Waiting 30 seconds for your AI chatbot to respond? That's so 2022. Modern users expect instant, streaming responses that feel like real conversations. Here's how to build lightning-fast transformer inference with WebSocket streaming that delivers tokens as they're generated.

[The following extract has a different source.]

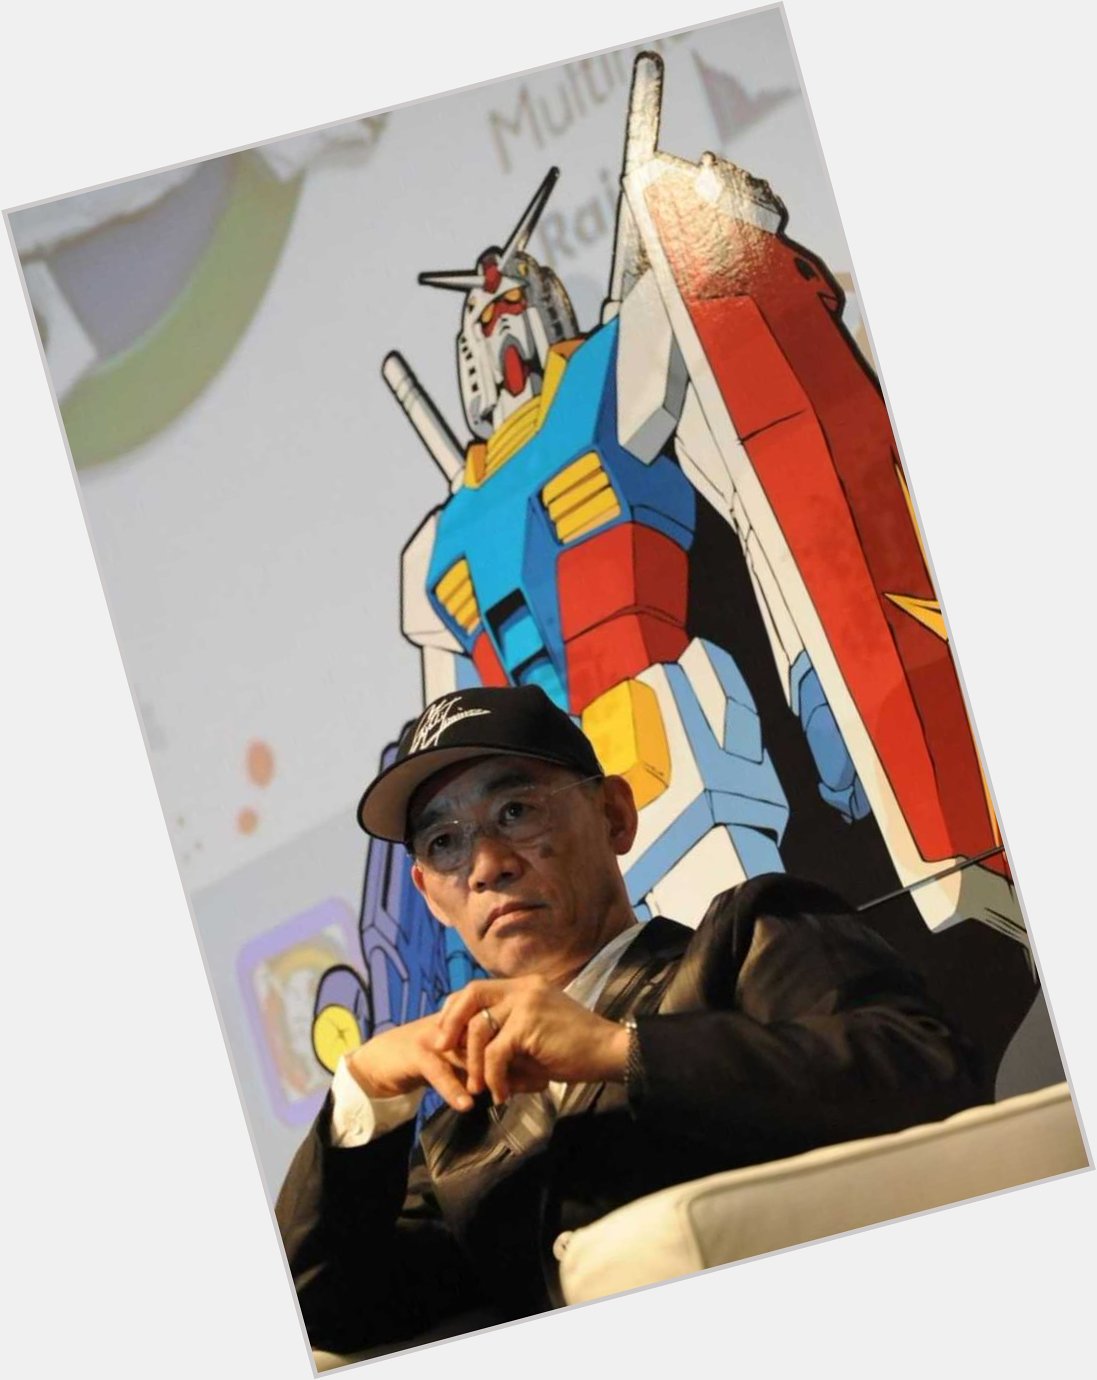 Happy Birthday to Yoshiyuki Tomino, the creator of Mobile Suit Gundam!

Why Real-time Transformer Inference Matters
Traditional HTTP-based inference creates a frustrating user experience. Users submit a prompt, stare at a loading spinner, then receive a wall of text all at once. WebSocket streaming transforms this into a natural conversation flow where responses appear word-by-word, just like ChatGPT.
Primary Benefits:
- Instant feedback: Users see responses immediately
- Better UX: Streaming text feels more interactive
- Scalable connections: WebSockets handle thousands of concurrent users
- Reduced perceived latency: Users engage with partial responses
Understanding WebSocket Streaming Architecture
WebSocket connections enable bidirectional communication between client and server. For transformer inference, this means:
- Client sends prompt via WebSocket
- Server generates tokens incrementally
- Each token streams back immediately
- Client displays tokens in real-time
Key Components for Implementation
- WebSocket Server: Handles connections and inference requests
- Transformer Model: Generates tokens with streaming capability
- Token Buffer: Manages partial responses
- Client Handler: Processes incoming tokens
- Error Management: Handles connection failures gracefully
Setting Up the WebSocket Server
Let's build a complete WebSocket server that streams transformer outputs:
import asyncio
import websockets
import json
import torch
from transformers import AutoTokenizer, AutoModelForCausalLM
import logging
class TransformerWebSocketServer:
def __init__(self, model_name="microsoft/DialoGPT-medium"):
"""Initialize transformer model and tokenizer for streaming inference"""
self.tokenizer = AutoTokenizer.from_pretrained(model_name)
self.model = AutoModelForCausalLM.from_pretrained(model_name)
self.device = torch.device("cuda" if torch.cuda.is_available() else "cpu")
self.model.to(self.device)
# Add padding token if missing
if self.tokenizer.pad_token is None:
self.tokenizer.pad_token = self.tokenizer.eos_token
logging.basicConfig(level=logging.INFO)
self.logger = logging.getLogger(__name__)
async def generate_streaming_response(self, prompt, websocket, max_length=100):
"""Generate tokens and stream them via WebSocket"""
try:
# Tokenize input prompt
inputs = self.tokenizer.encode(prompt, return_tensors="pt").to(self.device)
# Initialize generation parameters
generated = inputs
for _ in range(max_length):
# Generate next token
with torch.no_grad():
outputs = self.model(generated)
predictions = outputs.logits[0, -1, :]
next_token_id = torch.multinomial(torch.softmax(predictions, dim=-1), 1)
# Decode token to text
token_text = self.tokenizer.decode(next_token_id, skip_special_tokens=True)
# Stream token immediately
await websocket.send(json.dumps({
"type": "token",
"content": token_text,
"finished": False
}))
# Add token to generated sequence
generated = torch.cat([generated, next_token_id.unsqueeze(0)], dim=-1)
# Check for end token
if next_token_id.item() == self.tokenizer.eos_token_id:
break
# Small delay to prevent overwhelming client
await asyncio.sleep(0.05)
# Send completion signal
await websocket.send(json.dumps({
"type": "complete",
"content": "",
"finished": True
}))
except Exception as e:
self.logger.error(f"Generation error: {str(e)}")
await websocket.send(json.dumps({
"type": "error",
"content": f"Generation failed: {str(e)}",
"finished": True
}))
async def handle_client(self, websocket, path):
"""Handle incoming WebSocket connections"""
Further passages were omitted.